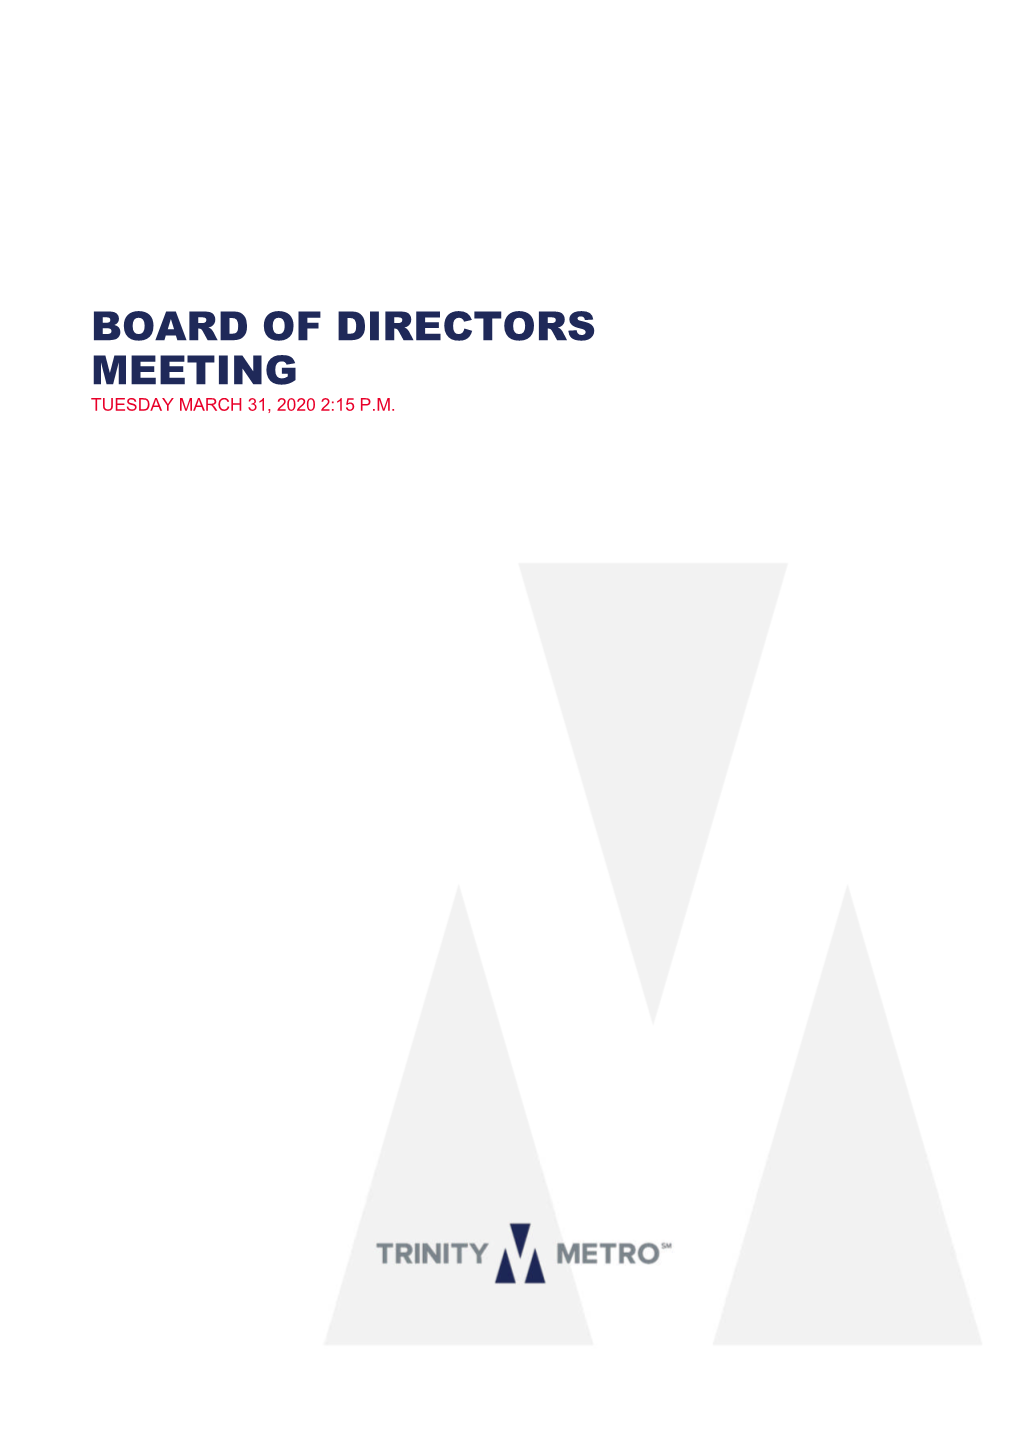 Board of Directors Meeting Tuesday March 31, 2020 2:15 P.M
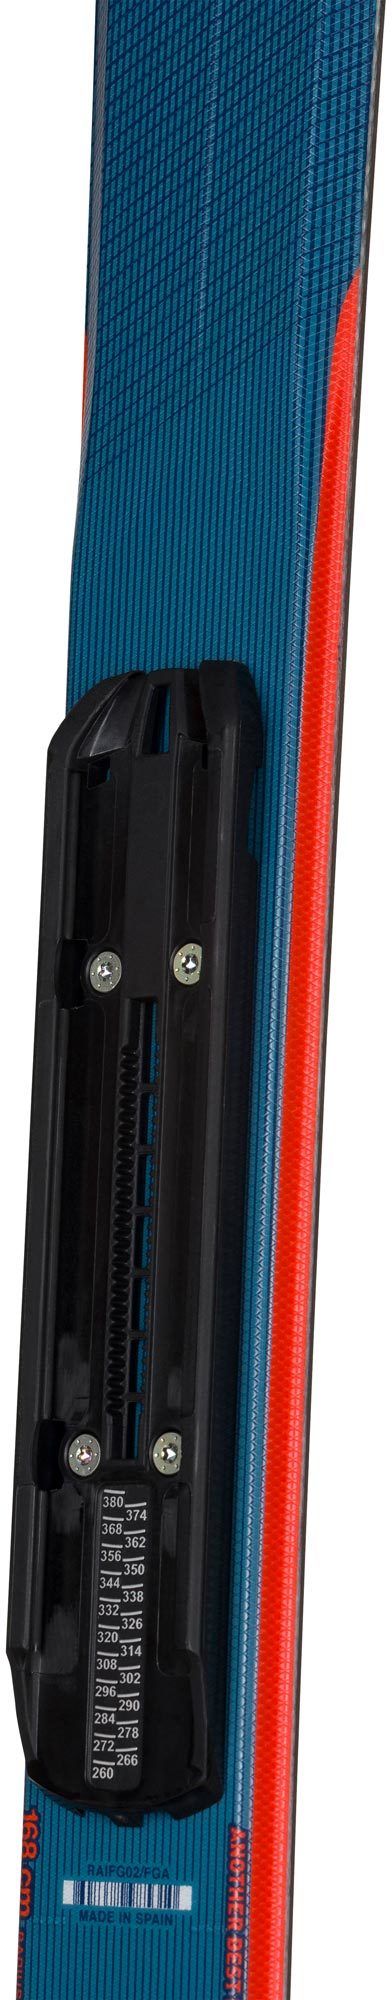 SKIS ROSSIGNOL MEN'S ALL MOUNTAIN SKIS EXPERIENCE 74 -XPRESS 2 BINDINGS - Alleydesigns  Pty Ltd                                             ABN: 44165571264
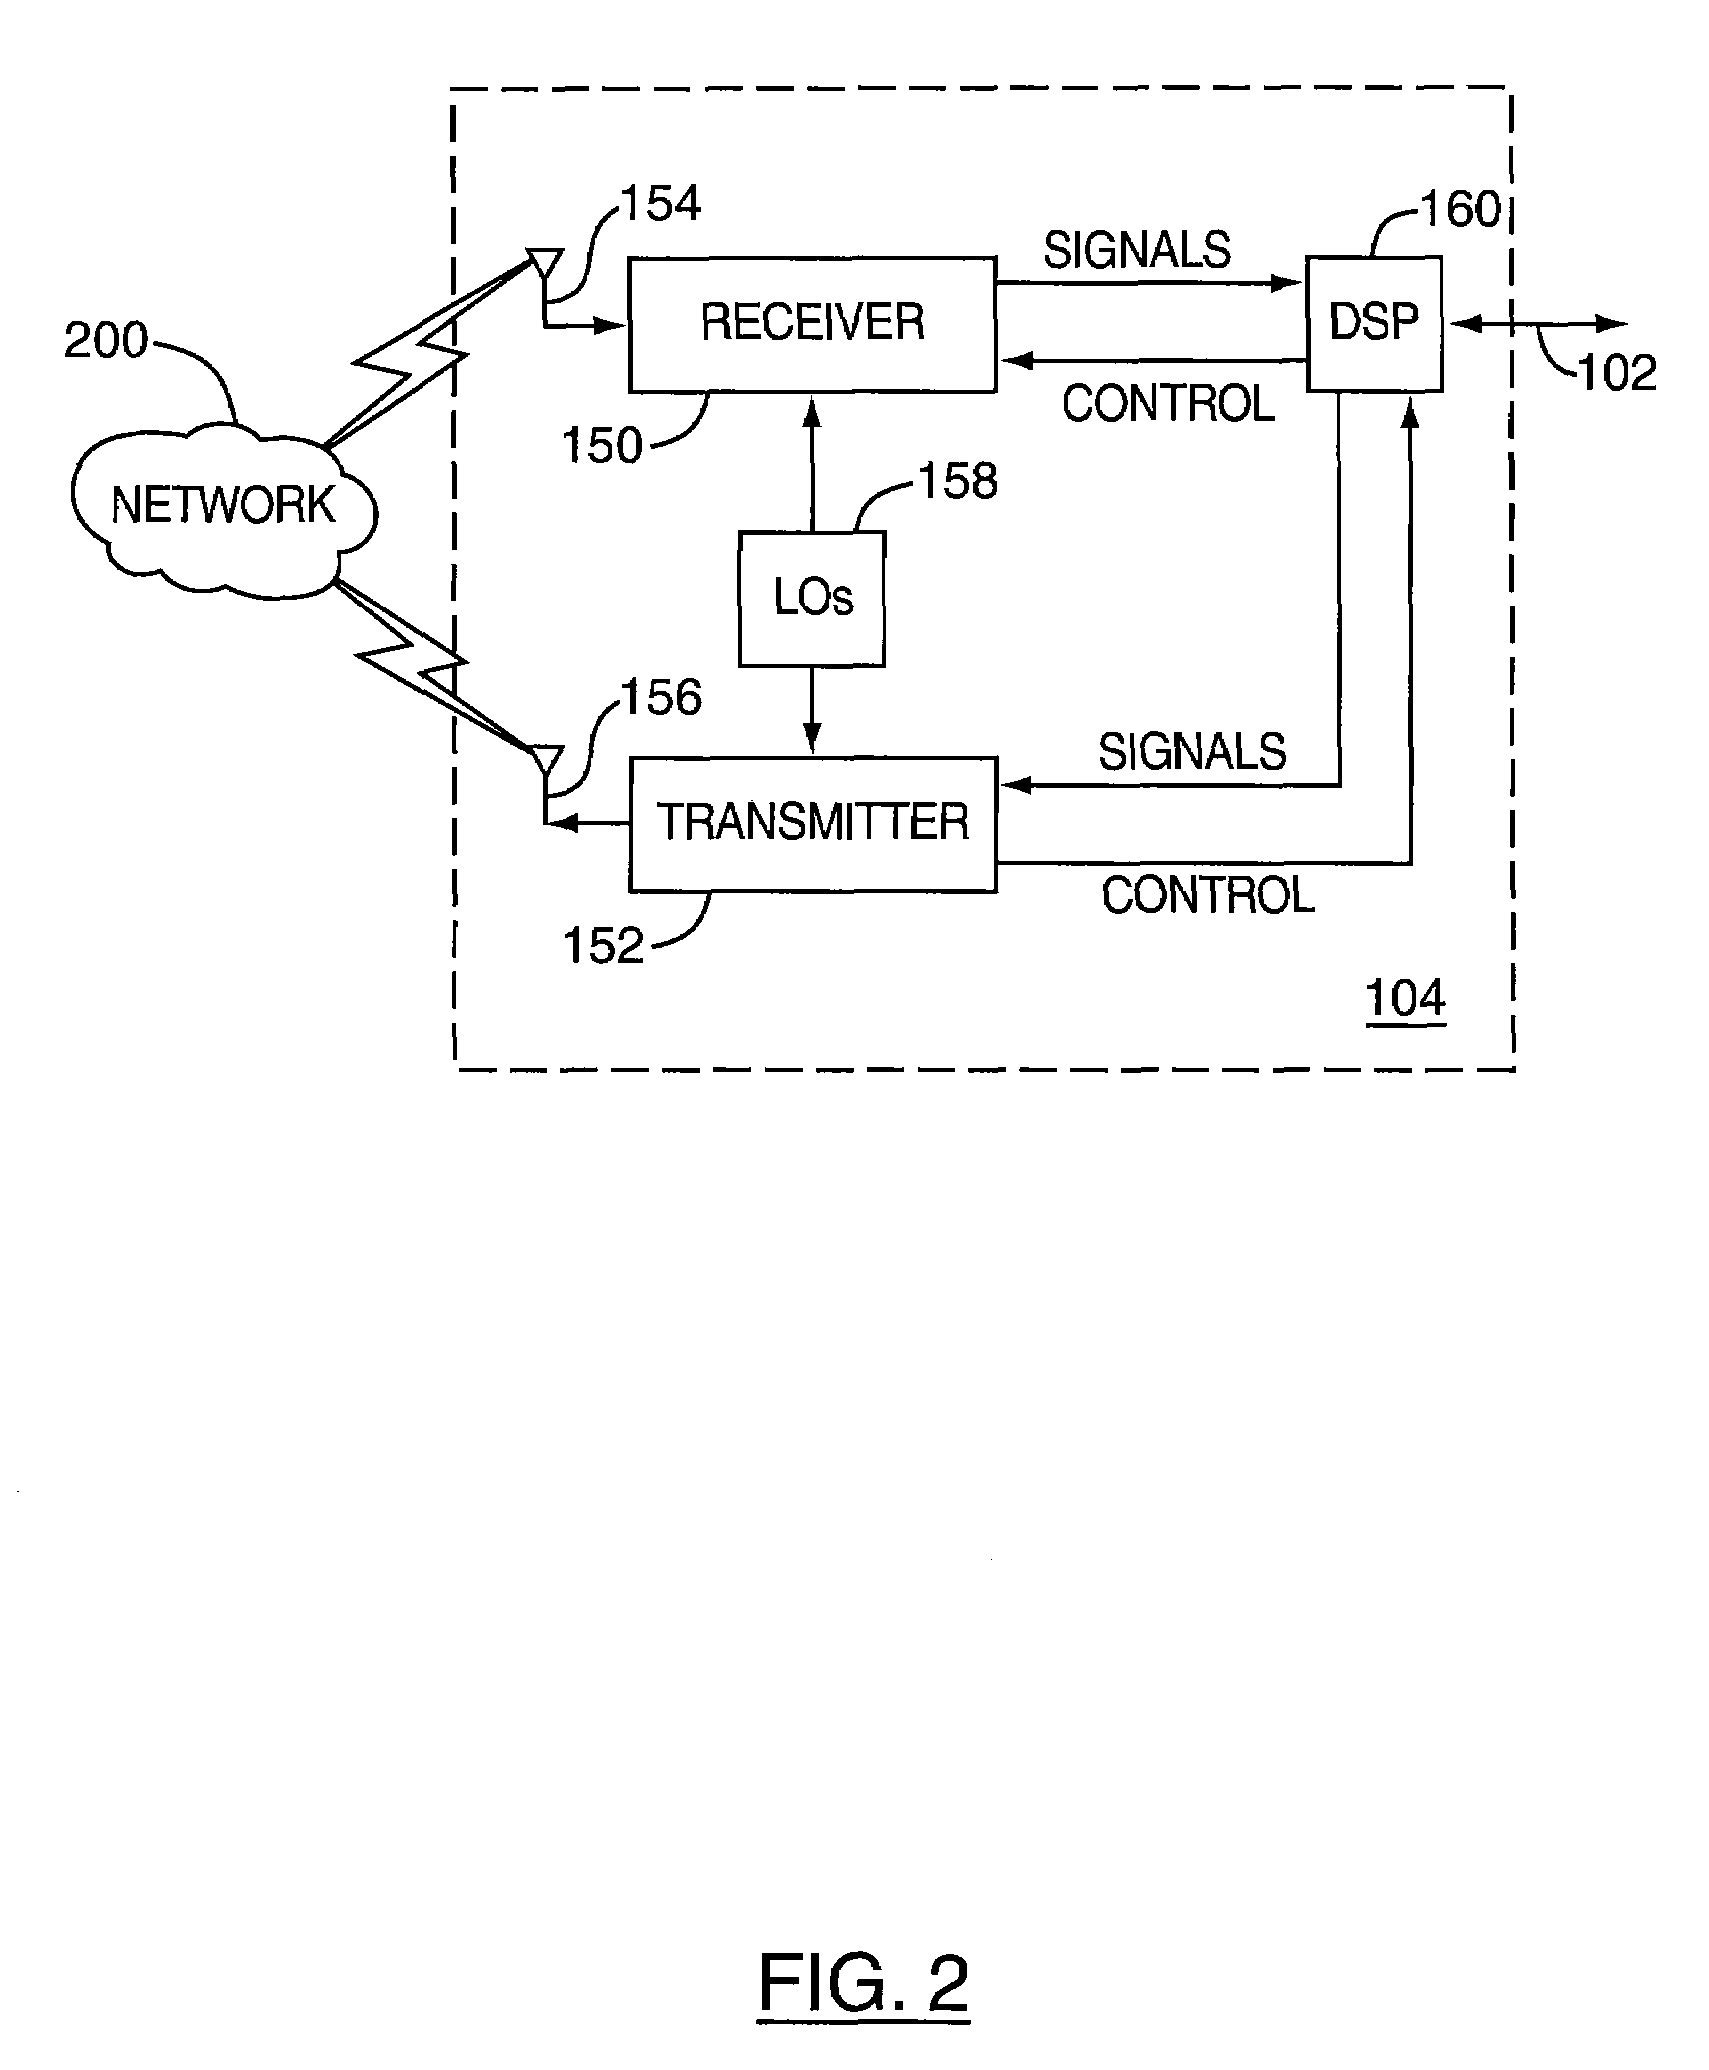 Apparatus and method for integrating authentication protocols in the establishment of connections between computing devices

• [DIRECTIONS FOR THIS TASK]
Starting with the line that holds "SKIS ROSSIGNOL MEN'S", print each line through the last one of the data exactly as written, but do not include the pictures.

• [YOUR SOLUTION]
 SKIS ROSSIGNOL MEN'S ALL MOUNTAIN SKIS EXPERIENCE 74 -XPRESS 2 BINDINGS - Alleydesigns  Pty Ltd                                             ABN: 44165571264
 Apparatus and method for integrating authentication protocols in the establishment of connections between computing devices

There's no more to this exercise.